How Alabama Communists Organized in the Jim Crow South
In 1930s Alabama, Communist Party members fought brutal repression to organize black and white workers in the Jim Crow South. Their efforts remain a source of inspiration for those fighting racism and exploitation today.

Evicted Arkansas sharecropper who was active in the Southern Tenant Farmers’ Union, now building his new home in Hill House, Mississippi. (Heritage Art / Heritage Images / Getty Images)
As the United Auto Workers (UAW) set their sights again on organizing factory workers in the Deep South, they do so keenly aware of the difficulties campaigning in a center of union-busting reaction. In 2019, bosses at a Chattanooga Volkswagen plant led a vicious anti-union campaign, abetted by Donald Trump’s National Labor Relations Board, that defeated an earlier UAW campaign there. When Amazon warehouse workers in Bessemer, Alabama, waged an audacious effort to unionize in 2021, against one of the largest corporations on Earth, they likewise faltered in the face of widespread interference and intimidation.

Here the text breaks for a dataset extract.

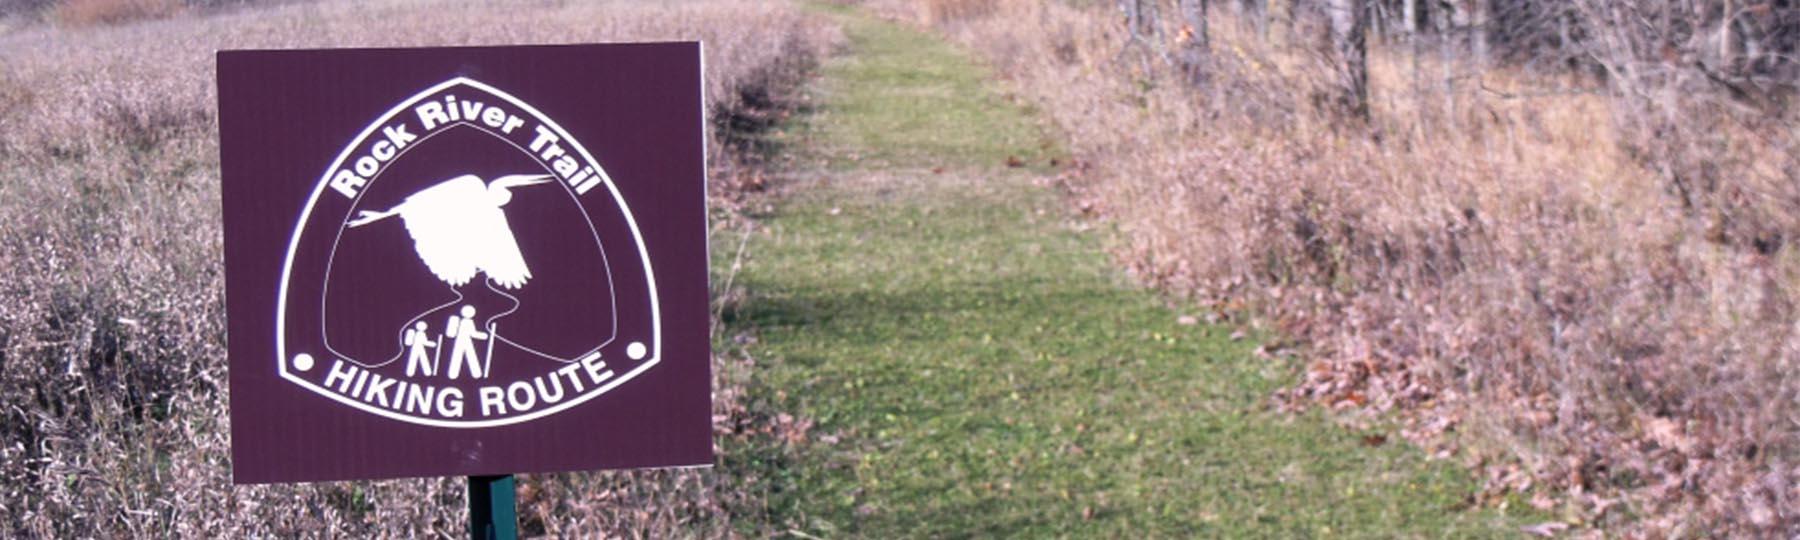 Rock River Trail Scenic and Historic Route Wisconsin Illinois 2
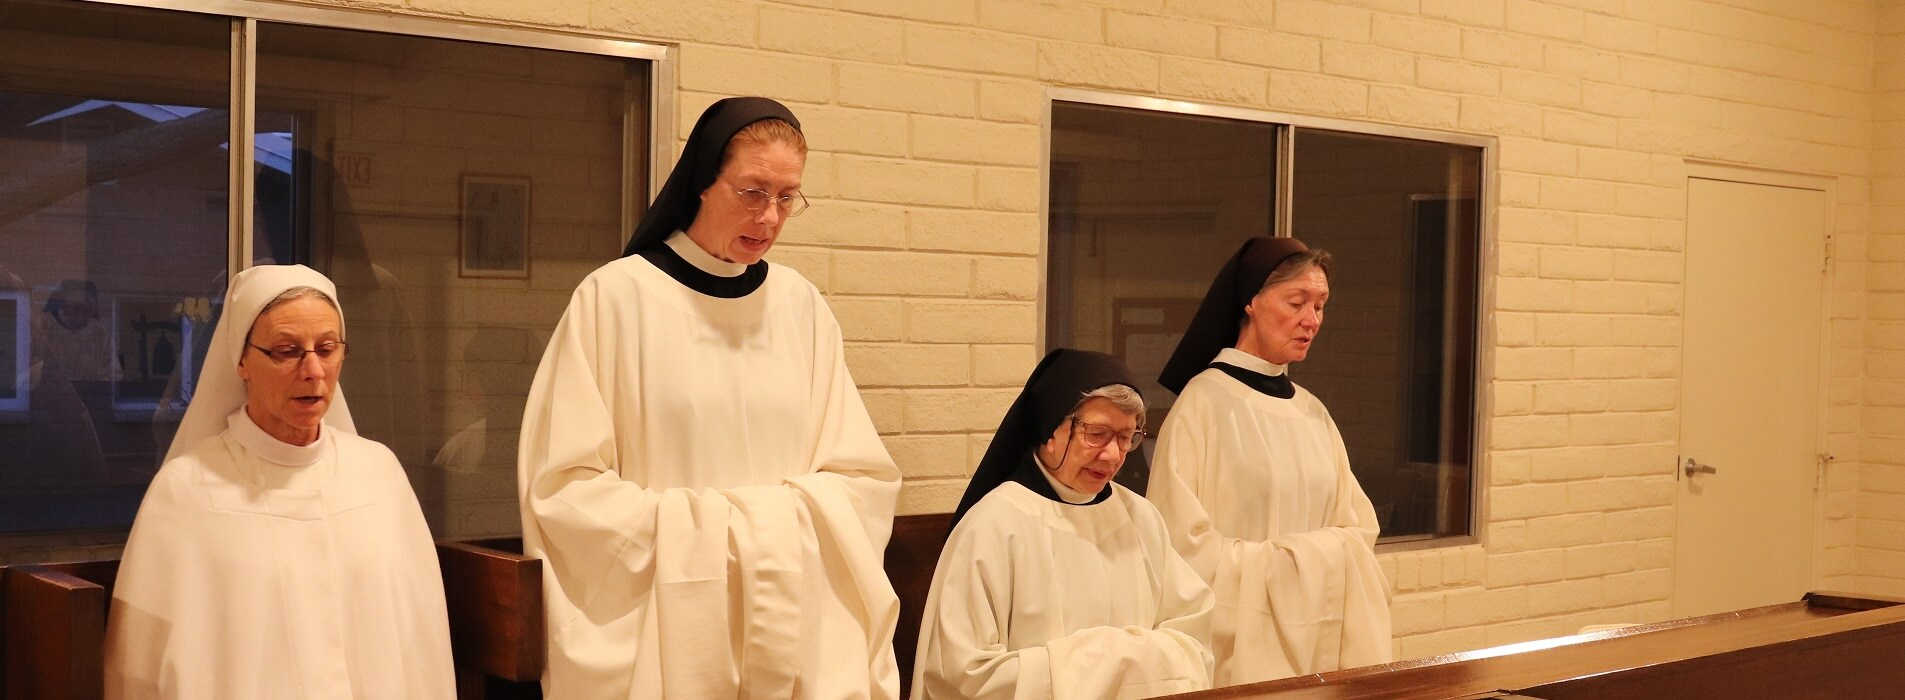 20210118 SantaRitaAbbey choir 1

At the same time, those warehouse workers inspired many by framing their struggle as a fight for black freedom and for the working class as a whole. The UAW’s latest campaign in the South is backed by a greater momentum after their victory against the Big Three automakers, and a renewed commitment to “justice across the globe,” as the union said when calling for a permanent cease-fire in Gaza.
These efforts tap into a long history of radical struggle in the South, including the Alabama Communist Party (CP)’s fights throughout the 1930s to organize sharecroppers, mine and mill workers, and unemployed people in a fight against a brutal regime of capitalist rule and racist repression.